У одного из мужчин в руках аккордеон, у другого – бубен. После того как торт водружают на стол, они запевают «Белла чао». Это быстрая праздничная песня с повторяющейся строкой, которую обычно выкрикивают: O, bella ciao! Oh, bella ciao! Вella ciao, ciao, ciao! Каждое ciao сопровождается смачным ударом бубна.

Толпа – ее толпа – знает, что делать. Все хором подпевают и хлопают в ладоши на каждом ciao. Зак Оу, Оливия, Люк и Доун Селеста – все надрываются от крика и хлопают как заведенные, а Малкольм еще и вскидывает в воздух свой кулачок. Кулак как нельзя более уместен. Песня-то о борьбе за свободу Италии, популярная у партизан, сражавшихся против фашистов.

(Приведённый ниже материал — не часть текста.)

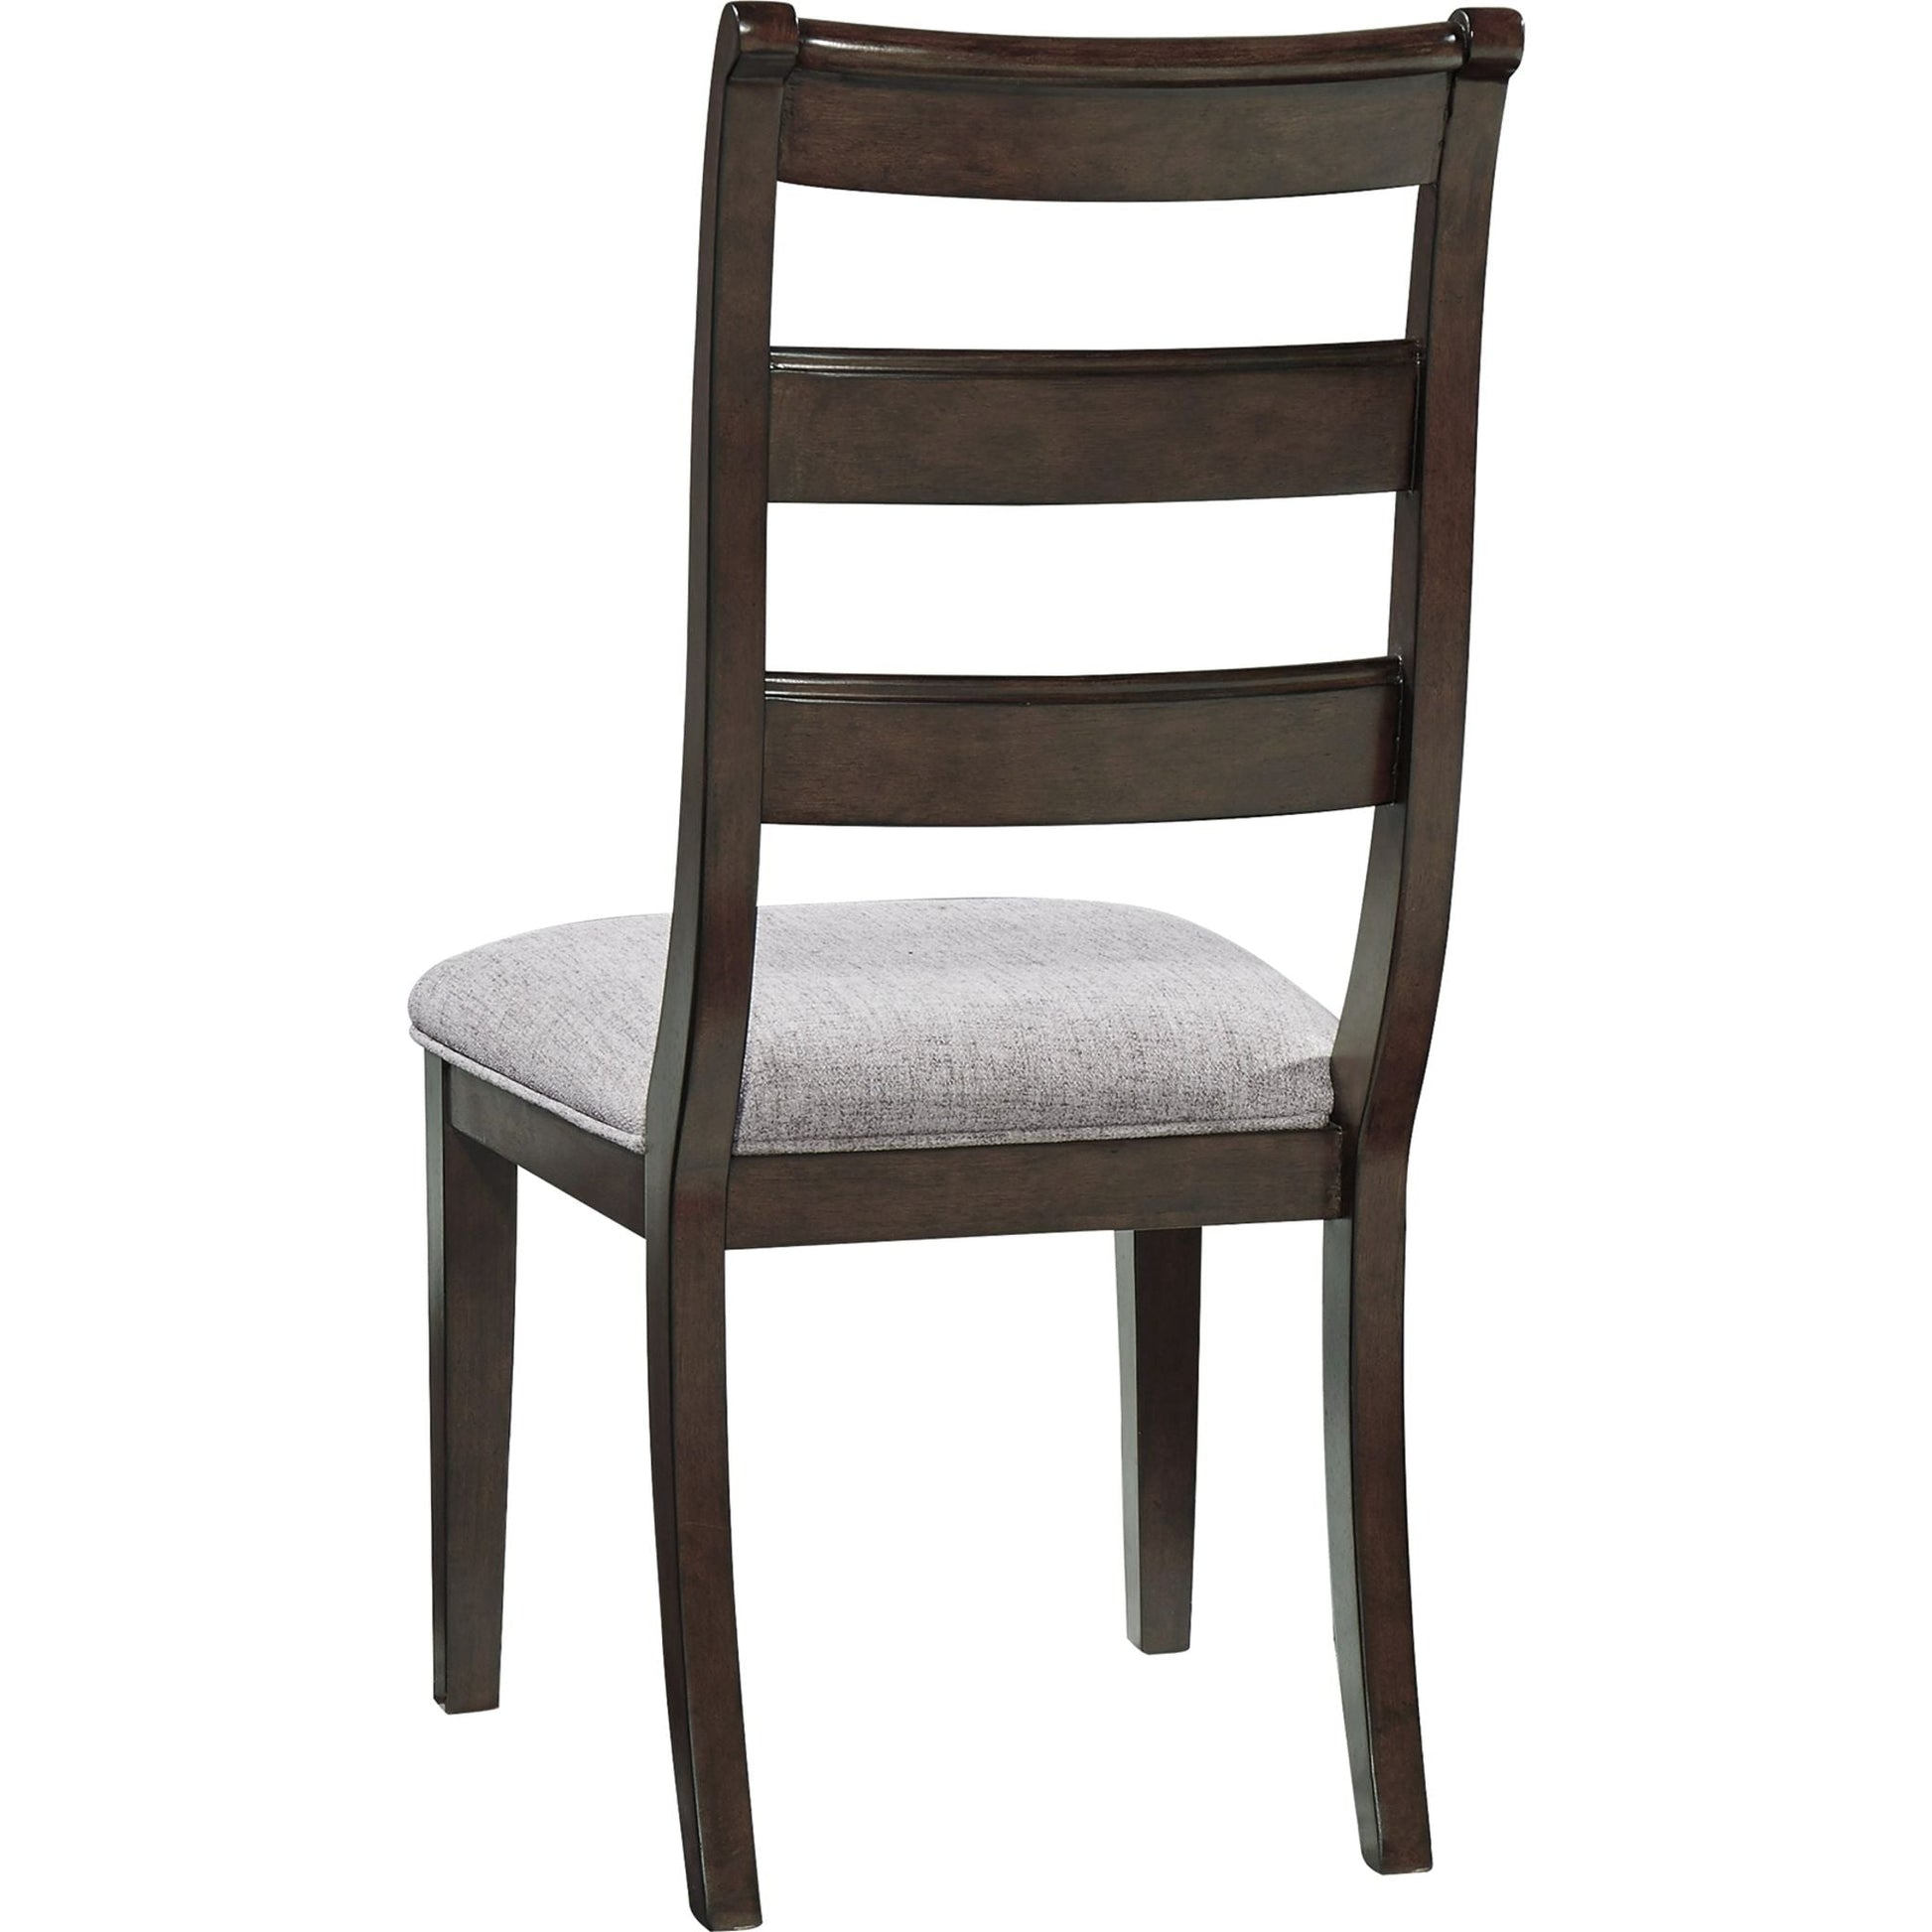 Hilmoore Side Chair - Reddish Brown - (D677-01)

– С окончанием школы, Белла, – говорит мама.

* * *

Аннабель совершенно без сил. Свет погашен, и Малкольм уже дрыхнет на соседней кровати, когда вдруг из гостиничного коридора доносятся голоса. Голоса напряженные, но без надрыва – во всяком случае, пока. Конечно, она сразу догадывается, что происходит там, за дверью. О боже, она надеется, что этот волшебный день не закончится ссорой.

Она выползает из постели.

Прижавшись ухом к двери, она силится расслышать разговор.

«Теперь ты понимаешь, Carina?» Что-то еще – но Аннабель не может разобрать. Но отчетливо слышит свое имя. «Аннабель».

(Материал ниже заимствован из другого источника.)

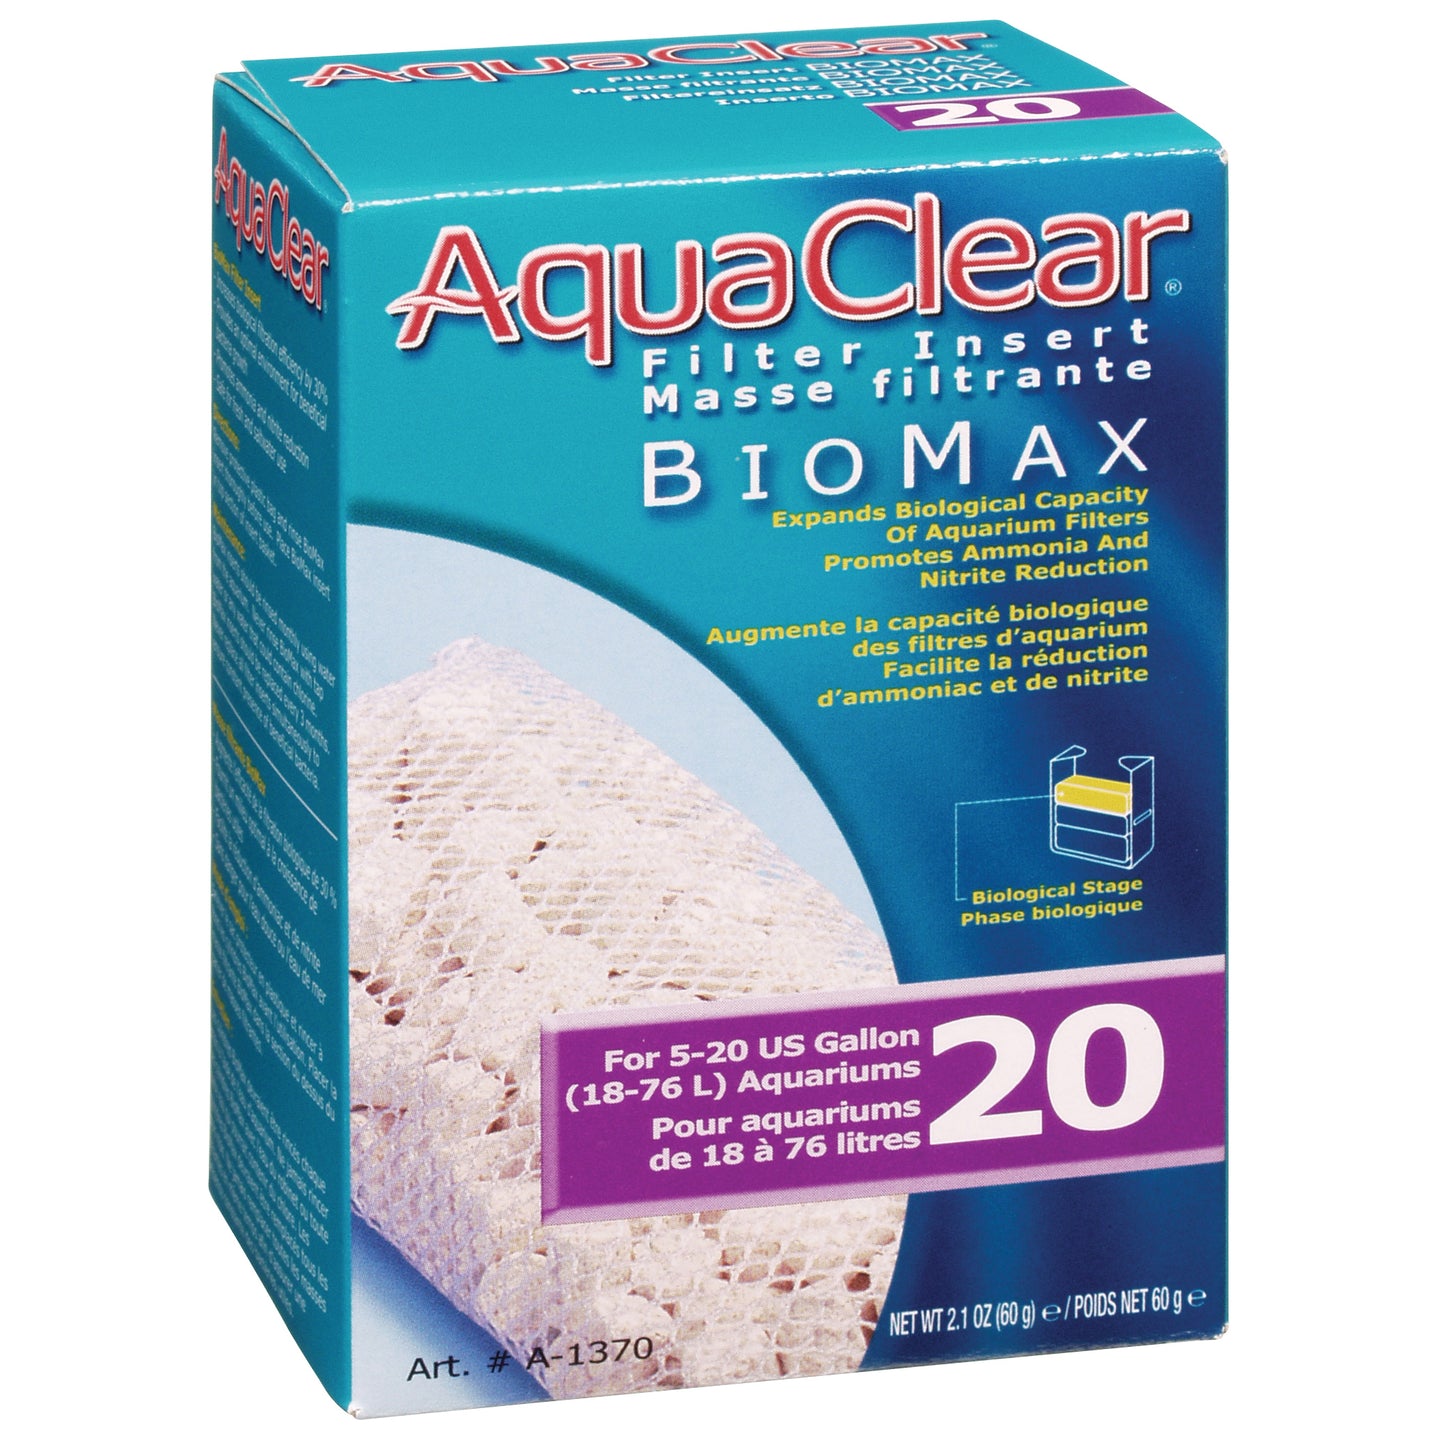 AquaClear 20 BioMax Filter Insert

Нет, скорее так: «Аннабель?» Со знаком вопроса. Дедушка спрашивает, понимает ли Джина что-то, связанное с ней.

– Что там? – Малкольм тут как тут.

– Тсс.

– Я хочу послушать. – Он пристраивается рядом с ней у двери. Она улавливает его теплое дыхание с ароматом зубной пасты.

– Я пытался, carina. Видит Бог.

– Она такая же своенравная, как и мама.

– О боже. Дай я попробую объяснить.

– Нельзя остановить человека. Нельзя навязывать ему свою волю.

– Вот именно, carina. Вот именно. Воля передается по материнской линии.

Малкольм толкает ее в бок. Она дает сдачи.

– Иди сюда. Обними меня.

– Люблю тебя, пап.

– Люблю тебя, carina.

– Пойди, поспи немного.

Слышны звуки вставляемых в замок электронных ключей, чавканье дверей, которые открываются и захлопываются.

– Мы только что подслушали чудо, – говорит она.

– Завтра они снова будут грызться.

– Не теряй веры, придурок.

Он улыбается. Вскидывает бровь. Глупый гений Малкольм. До него доходит быстрее, чем до нее: она только что призвала его не терять веры в лучшее.

Два чуда за одну ночь.

* * *

На следующий день Аннабель берет отгул, и вся компания отправляется сначала в Филдовский музей естественной истории, а оттуда в музей науки и промышленности. От динозавров к ракетным кораблям: от глубокой древности к недалекому будущему. На обед – хот-доги на морском причале. Она так любит этот город. Возможно, здесь она проводит лучшее время в своей жизни.

Об этом она говорит всем на следующее утро, когда приходит пора расставаться. Она уже в полном спортивном снаряжении и готова двигаться дальше. Ее семья и друзья отправятся в аэропорт, все по своему расписанию.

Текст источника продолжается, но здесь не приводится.